Quei monologhi interiori si facevano sempre più irritanti, anche perché era la voce di Shiro a parlare. Anche da morto se lo portava appresso.

Espirò la tossina, inarcando le sopracciglia. Nessuno chiamava solo per Agi.
“Cosa posso fare per lei?”




“Devi smetterla. Guarda come ti stai riducendo!” Disse il biondo, fasciandogli il fianco che solo qualche minuto prima sanguinava copiosamente.
Quella storia andava avanti da due anni e sinceramente l’esorcista ne aveva piene le tasche. Ogni volta che si presentava, il moro era sempre ferito gravemente e a malapena si reggeva in piedi. E per cosa?

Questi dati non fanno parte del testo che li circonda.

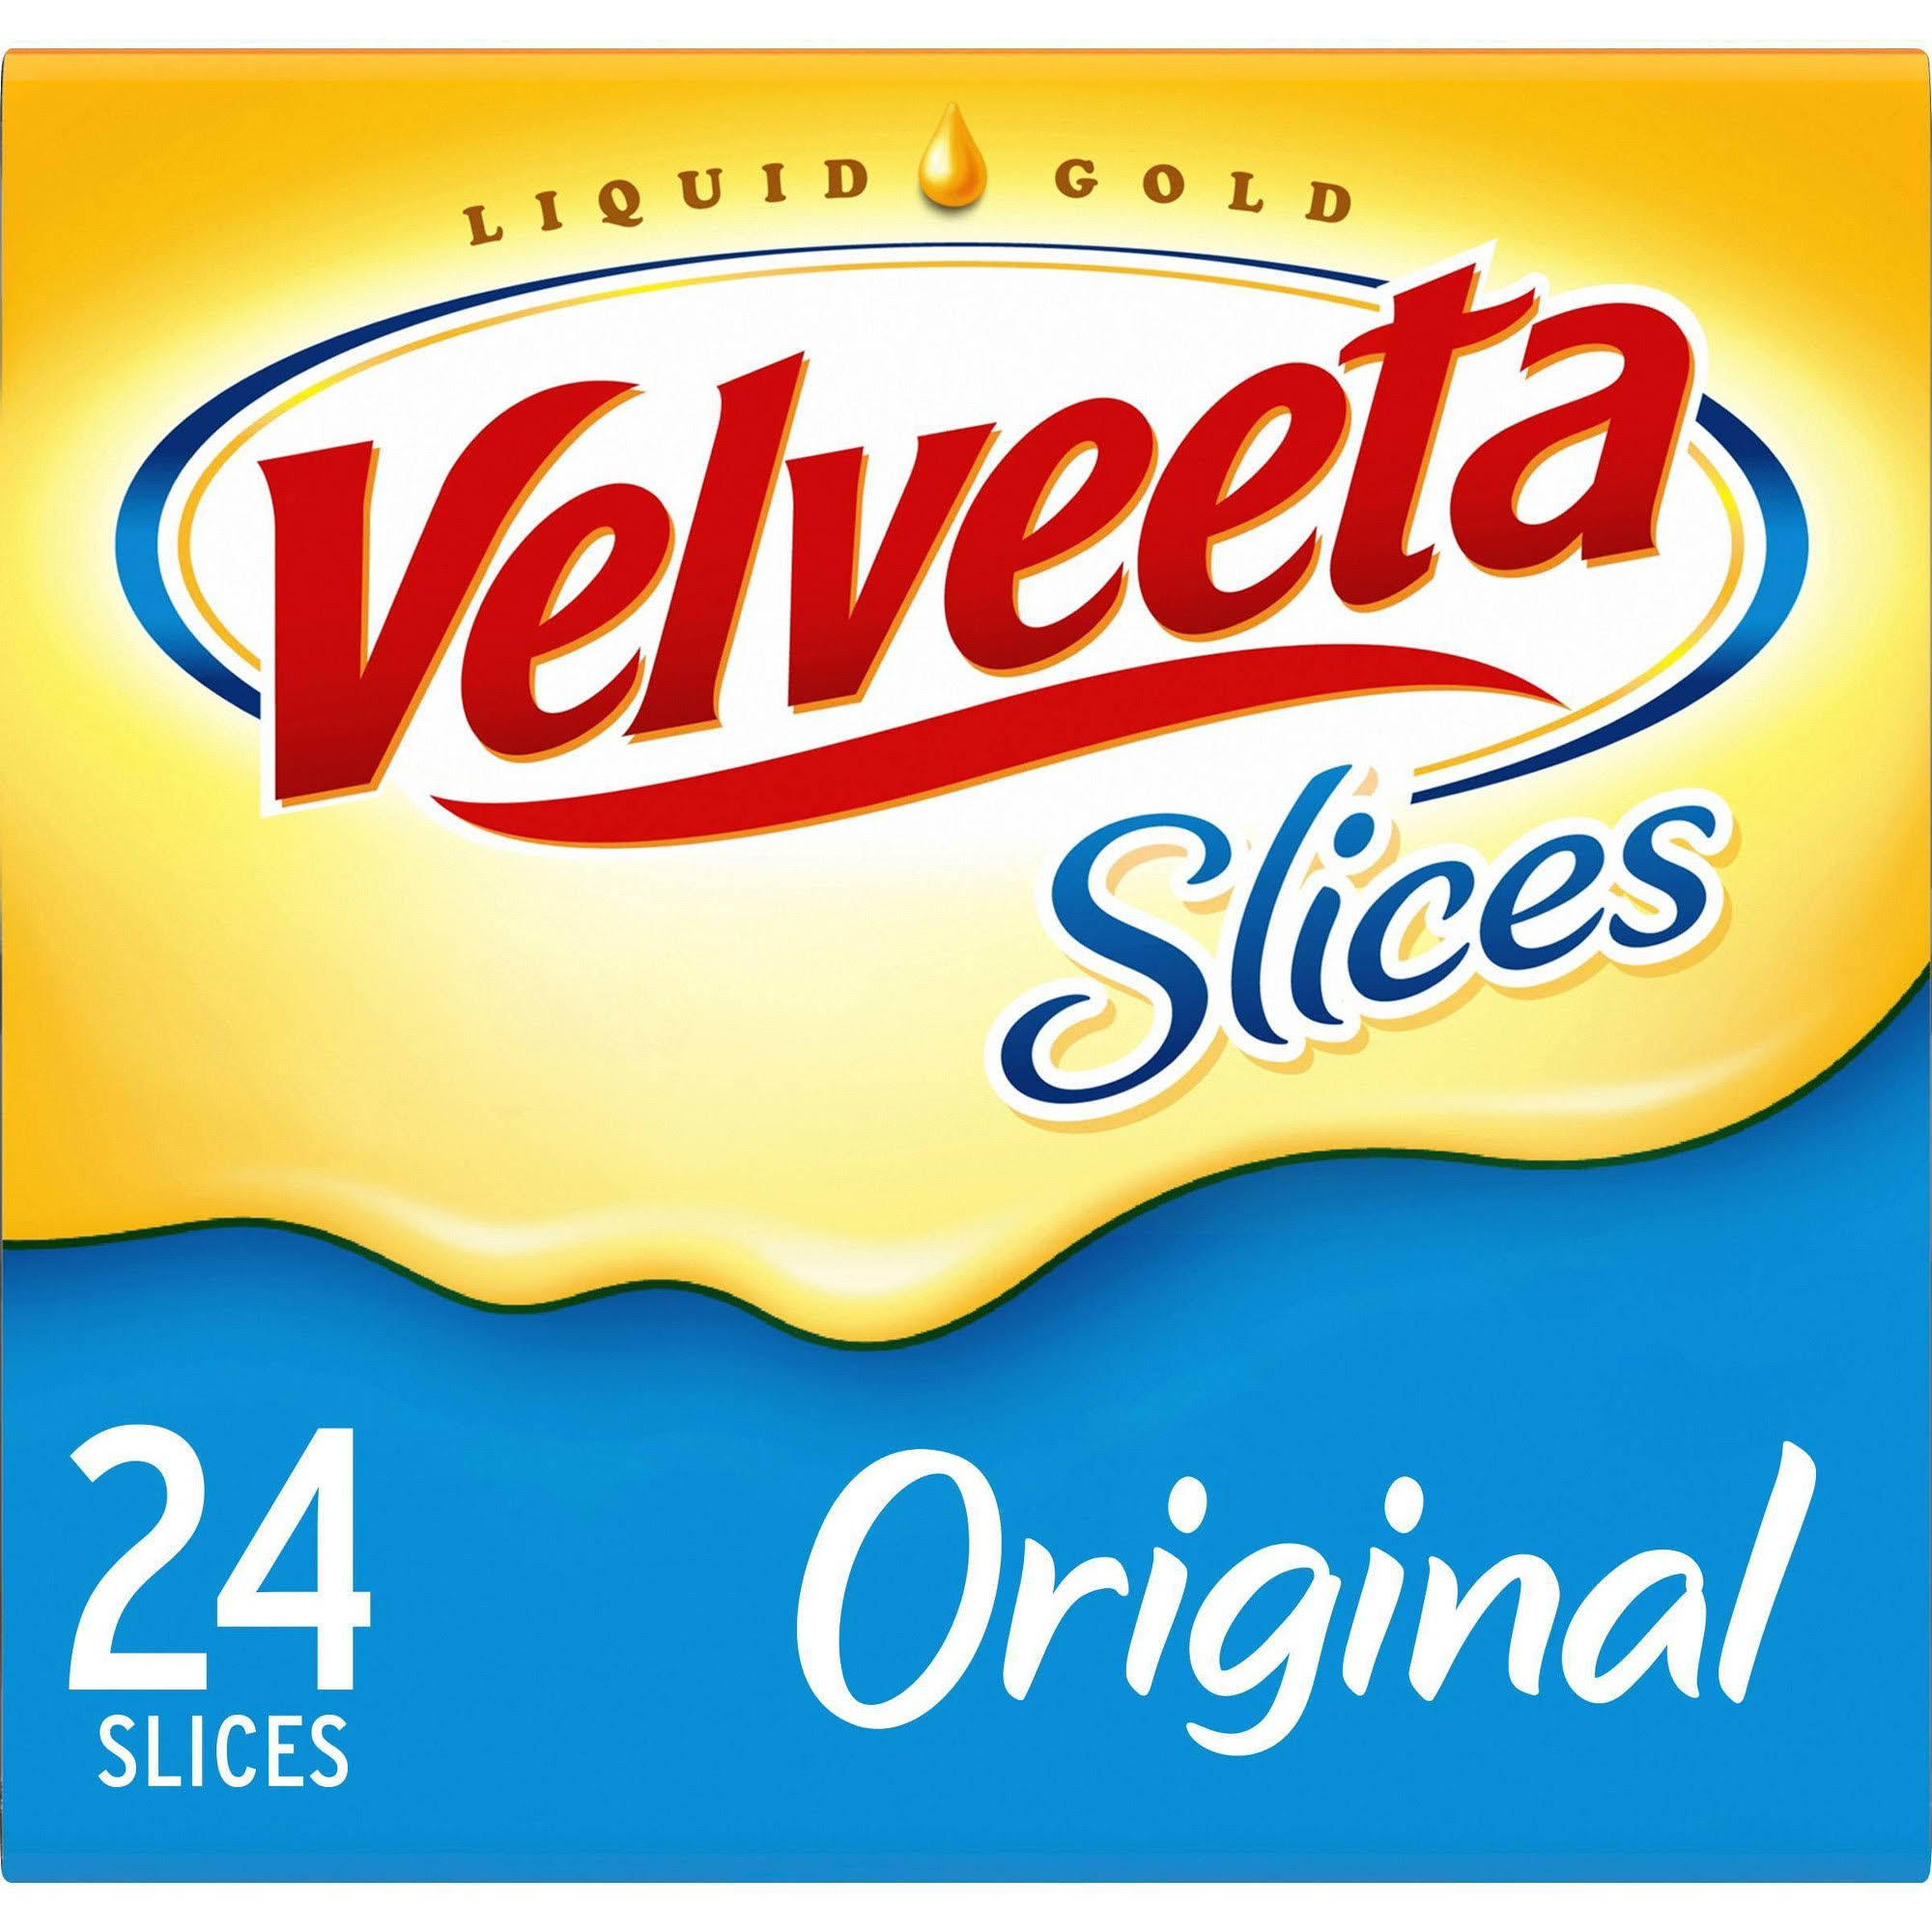 Velveeta Slices Cheese - 24 Slices, 453g, Original Flavor

Agi non gli rispose, troppo indaffarato a non urlare per il dolore. Era un miracolo che non avessero colpito qualche organo e non era in vena di discutere. Voleva solo un piatto di riso al curry e dormire fino alla fine dei tempi, se possibile.

“Agi, guardami. È una pazzia.” Lo costrinse a guardarlo, alzandogli il mento con una mano sporca del suo sangue. I suoi occhi erano di vetro, troppo stanchi per litigare e tantomeno pensare. Aveva le occhiaie e le guance avevano perso la tipica sfumatura rosata. Era stremato.

Sospirando, lo prese sottobraccio e lo portò in cucina, mentre gemeva per il dolore. Soffrisse pure, se lo meritava per tutte le volte che si presentava nel mezzo della notte in quello stato.
Lo fece sedere al tavolo e lo guardò mangiare con tale lentezza che si chiese se avesse parenti bradipi. Ma capì che cercava solo di guastarsi ogni boccone.
“Da quando non mangi?” Intuiva che la risposta non gli sarebbe piaciuta.

“Circa due, tre settimane. Non avrei avuto problemi a non mangiare anche per di più, se non per il fatto che stavo inseguendo quel bastardo. Dovevi vedere la sua faccia quando l’ho preso, dannato verme.” Si erano conosciuti solo due anni prima, ma il moro lo faceva preoccupare come se fosse sangue del suo sangue. Era snervante.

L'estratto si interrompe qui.